Segment Start: COLLECTED MATERIAL

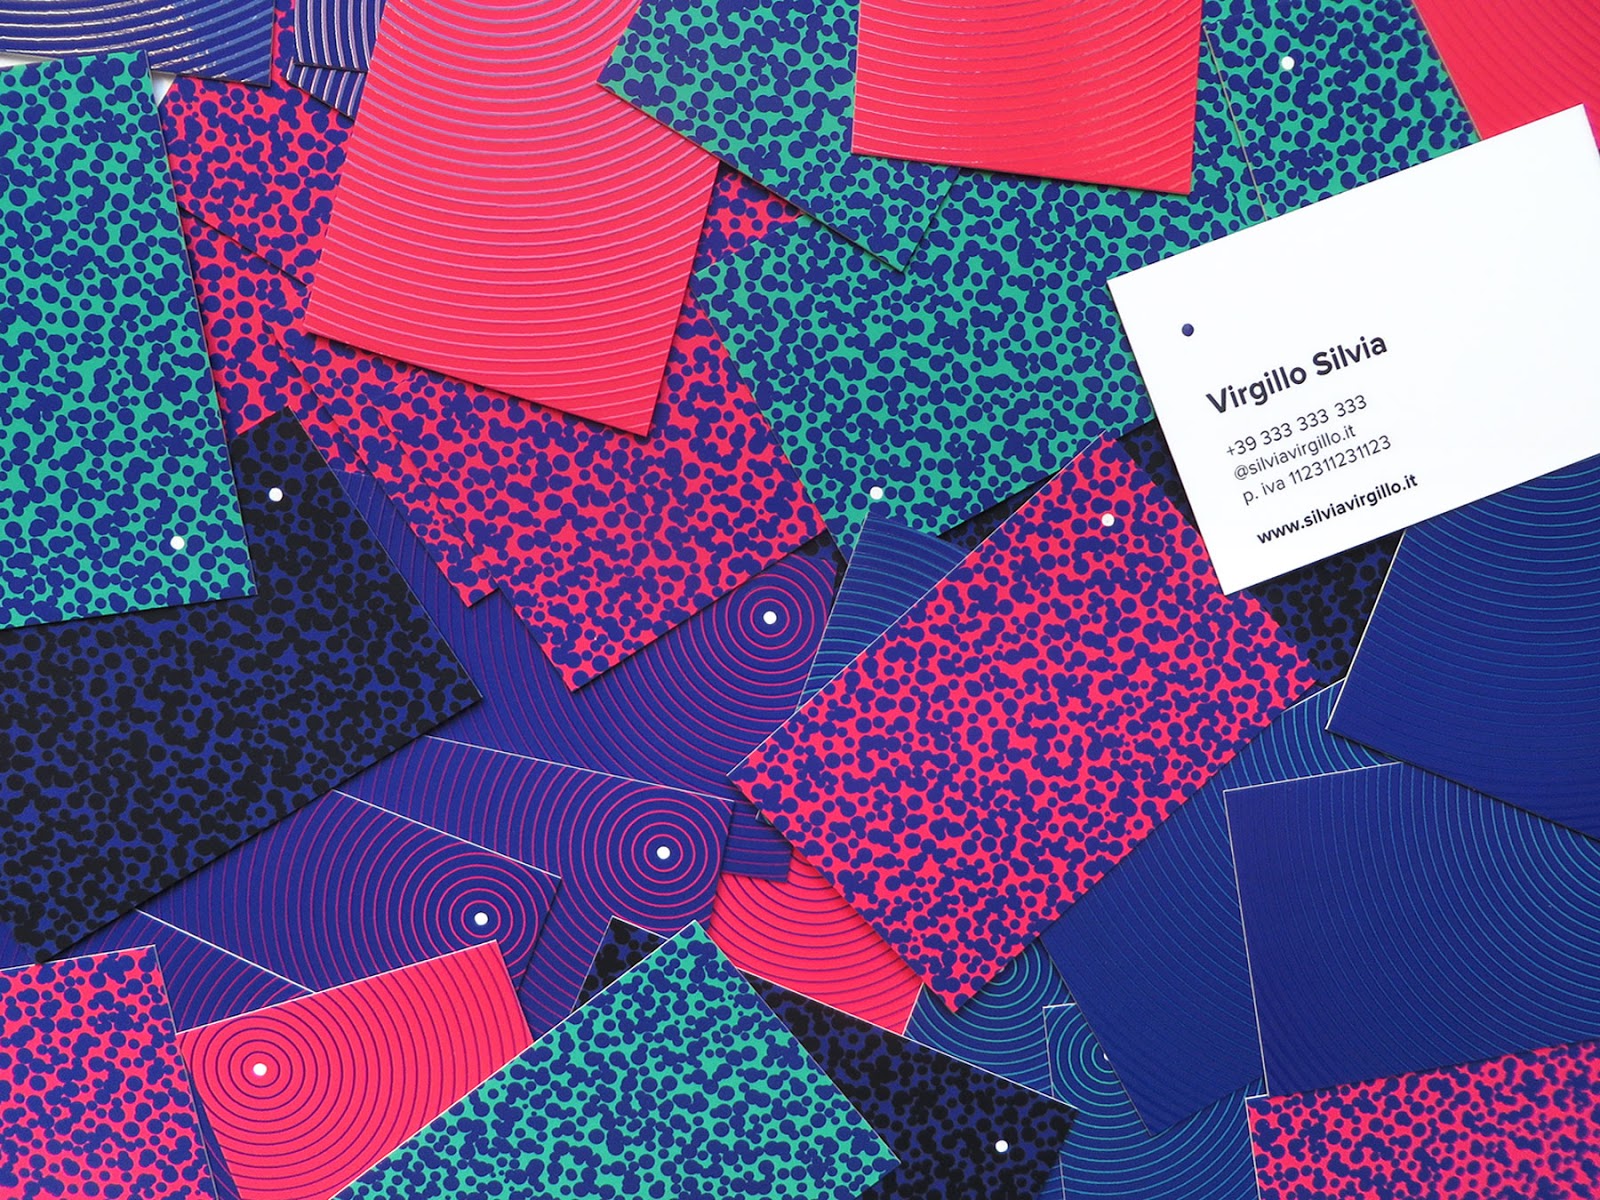 Virgillo Silvia by Punctuale business cards
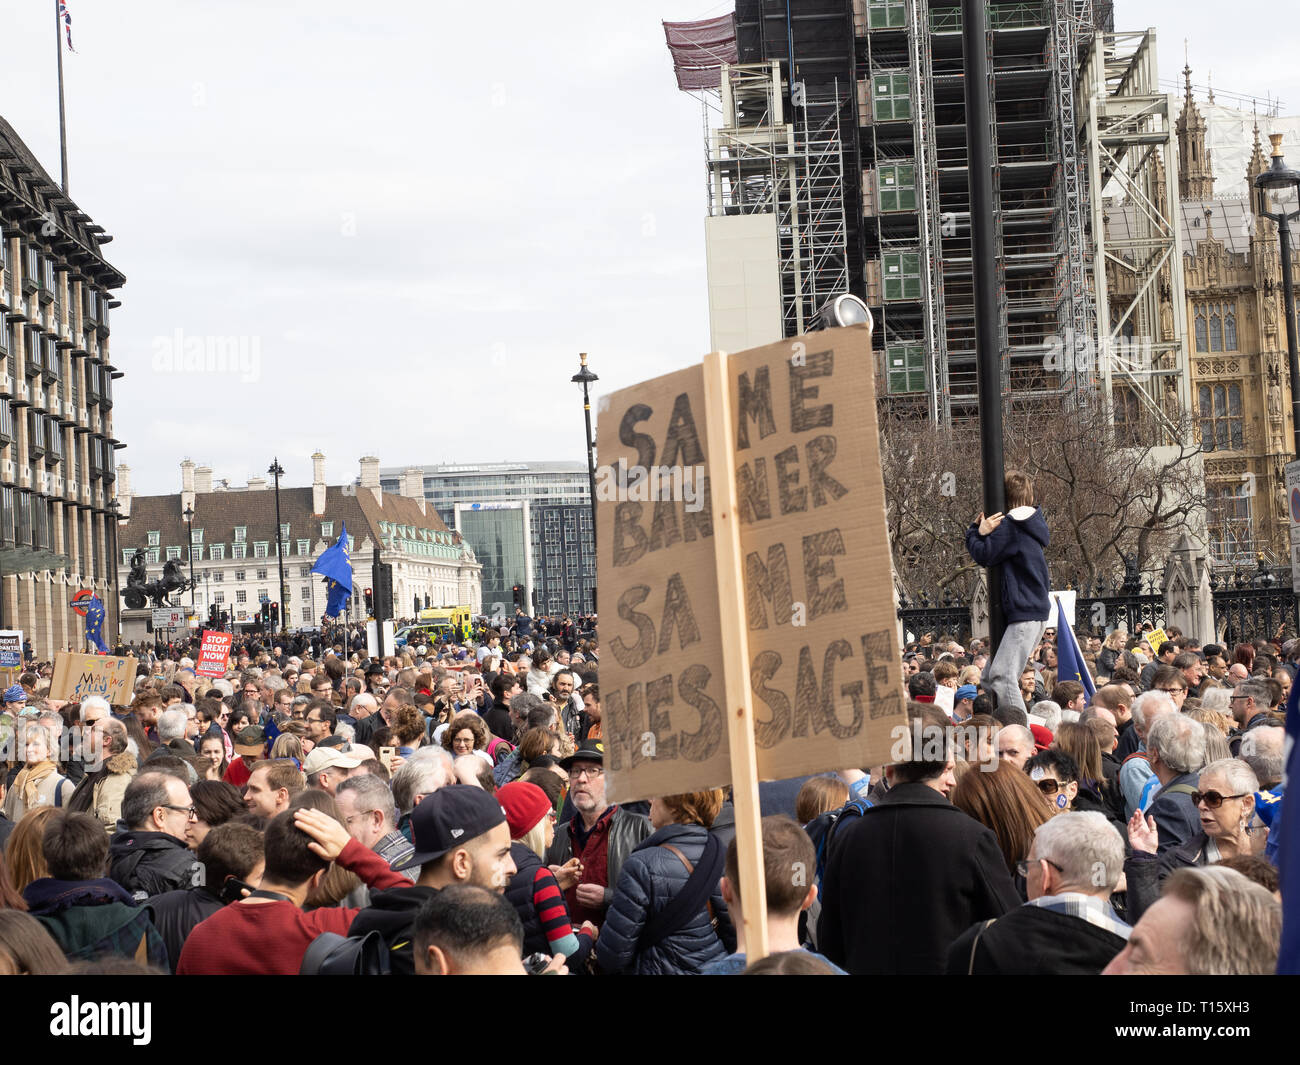 London, UK. 23rd Mar, 2019. Over 1 million people came down to London today to demand another vote on Brexit. Photography by Ghene Snowdon Credit: Ghene Snowdon/Alamy Live News Stock Photo
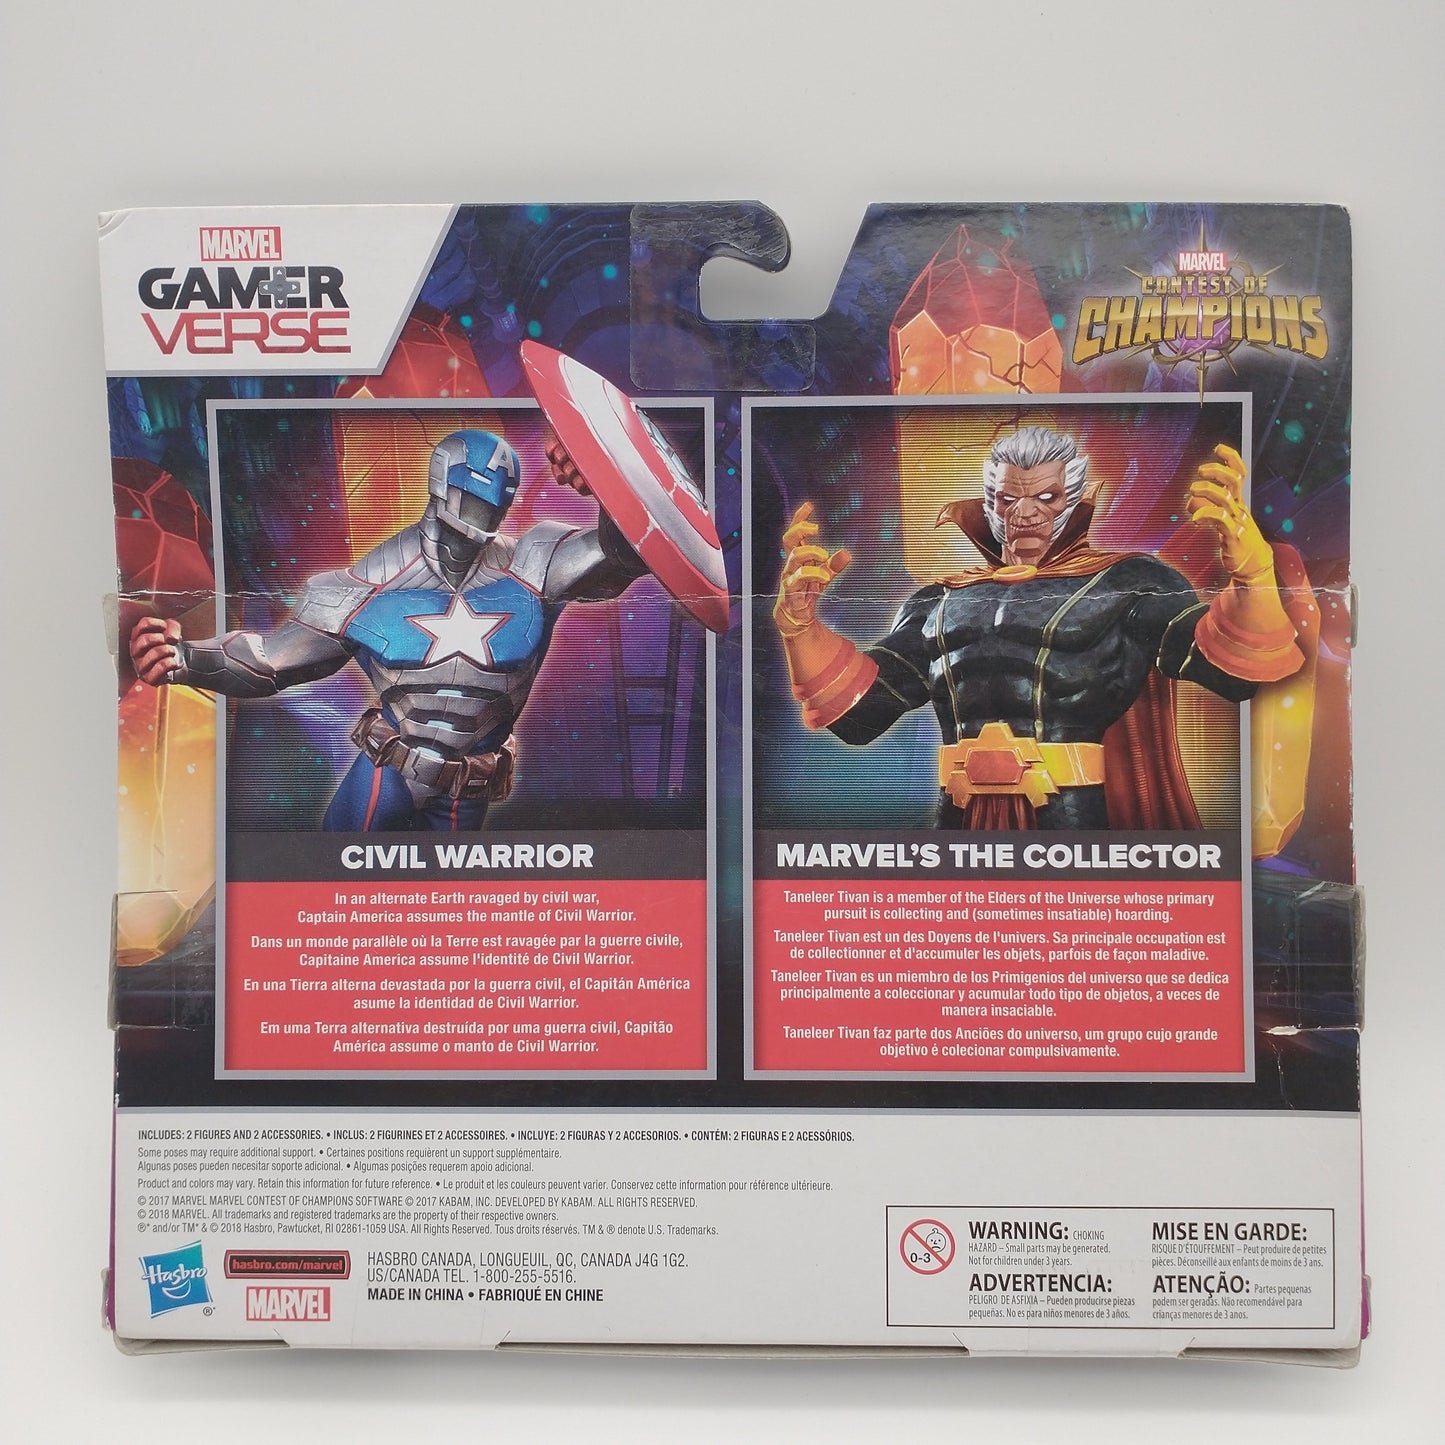 The back of the card featuring images of the action figure and a summary of information about them. It is illegible in the picture.
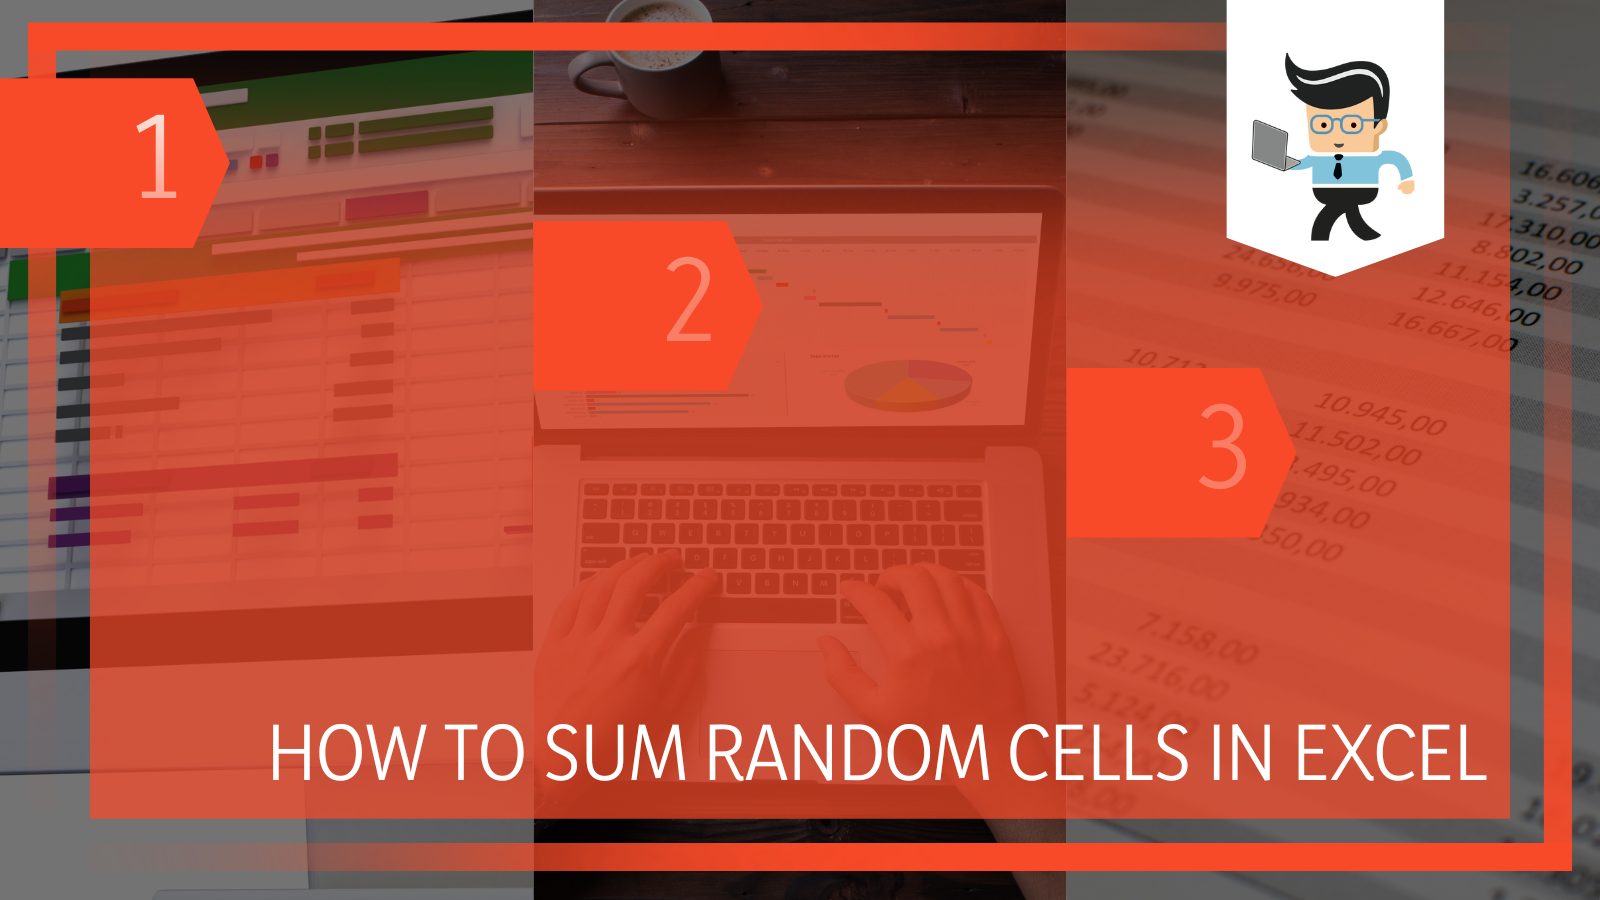 How To Sum Random Cells in Excel

Segment End: COLLECTED MATERIAL

TASK REQUIREMENTS
Each line from the top of the material through the line containing "London, UK. 23rd" should be reproduced exactly; please drop any images.

ANSWER BOX
 Virgillo Silvia by Punctuale business cards
 London, UK. 23rd Mar, 2019. Over 1 million people came down to London today to demand another vote on Brexit. Photography by Ghene Snowdon Credit: Ghene Snowdon/Alamy Live News Stock Photo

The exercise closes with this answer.